Where does fqdn get populated during Discovery. We are currently probe based for windows, linux, ip_switch and ip_router and we have a mix of fqdn being populated or not.

DuaneNMore · ‎03-18-2020

We hae customers asking how fqdn gets populated by Discovery and I am having a little trouble figuring that out. It becomes clearer when we move to patterns but that doesn't seem to be happening in the near future so I am wondering how/where that gets set of windows and linux servers; and switches and routers.

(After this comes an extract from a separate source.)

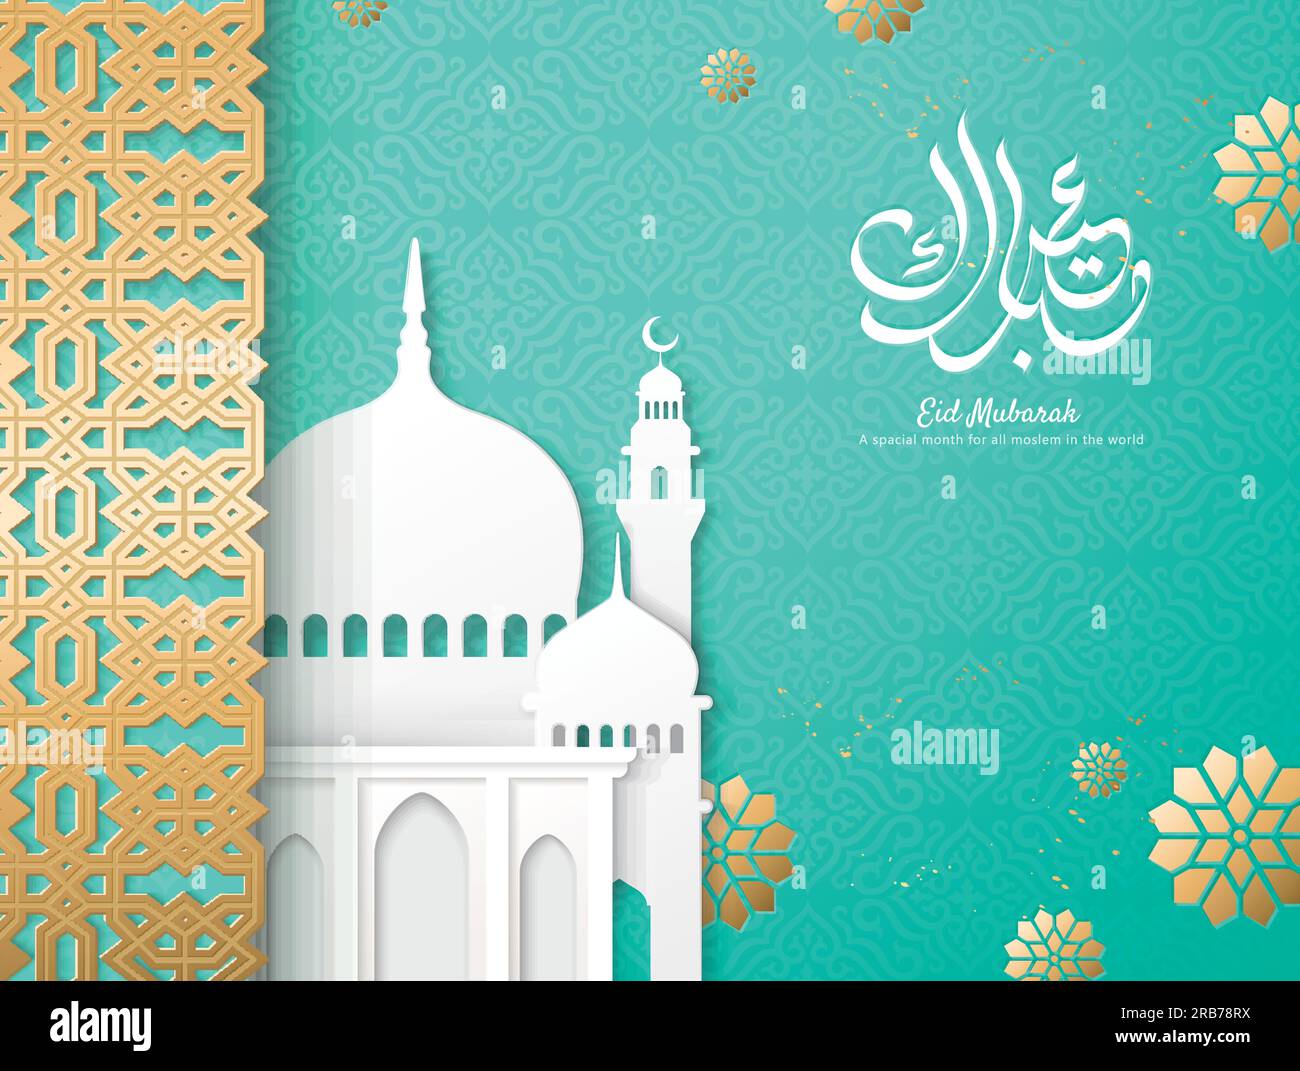 Calligraphie EID Moubarak avec cadre géométrique doré et mosquée en papier blanc sur fond turquoise Illustration de Vecteur
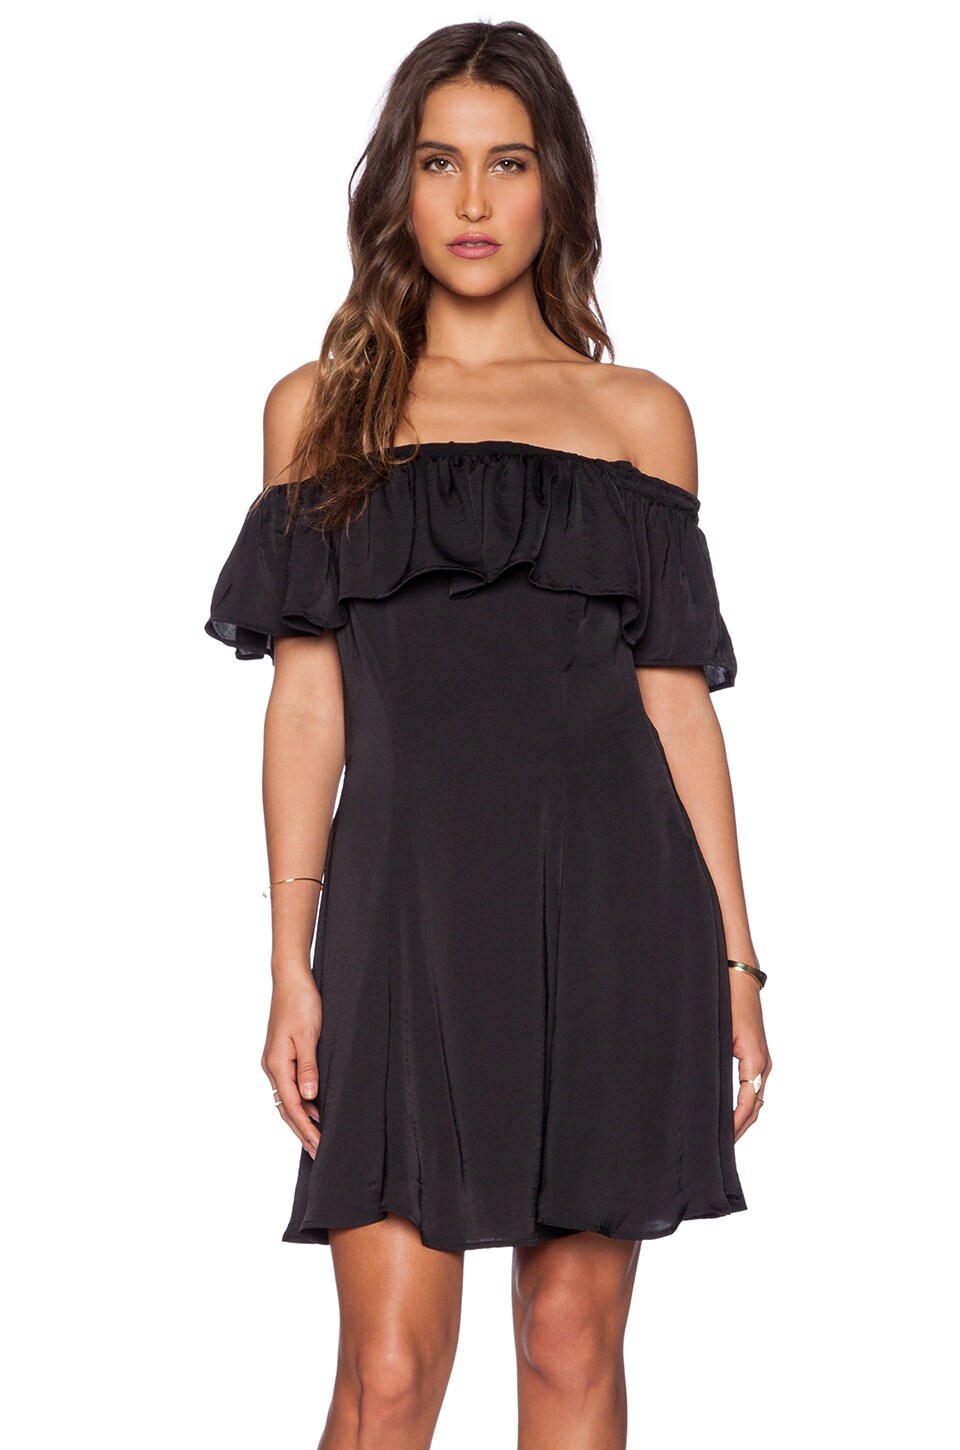 shoulderless black dress

doug_schulze · ‎03-18-2020

That happens in the classify sensor with support from a script include, I believe, hostnameJS

Tanaji Patil · ‎03-18-2020

FQDN is set in the Fully qualified domain name field.
We are using patterns now. But if I recall then I think it was DNS sensor scripts that was getting the FQDN from the Shazzam probe result (i.e. input) using the IP address. In Shazzam probe result you will see FQDN of each IP address scanned (if port 53 is open).

-Tanaji
Please mark reponse correct/helpful if applicable

Erica Hawkins · ‎07-20-2022

Hi Tanaji, how do I see the Shazzam probe result? I like, @DuaneNMore am getting mixed results for the FQDN but for the majority of the records it doesn't populate at all.

doug_schulze · ‎07-22-2022

IN your discovery status record there should be a tab labeled ECCQueue. IN that tab you will find the shazzam probe, look at the input record and you will find the xml that shows the results of the DNS Resolution.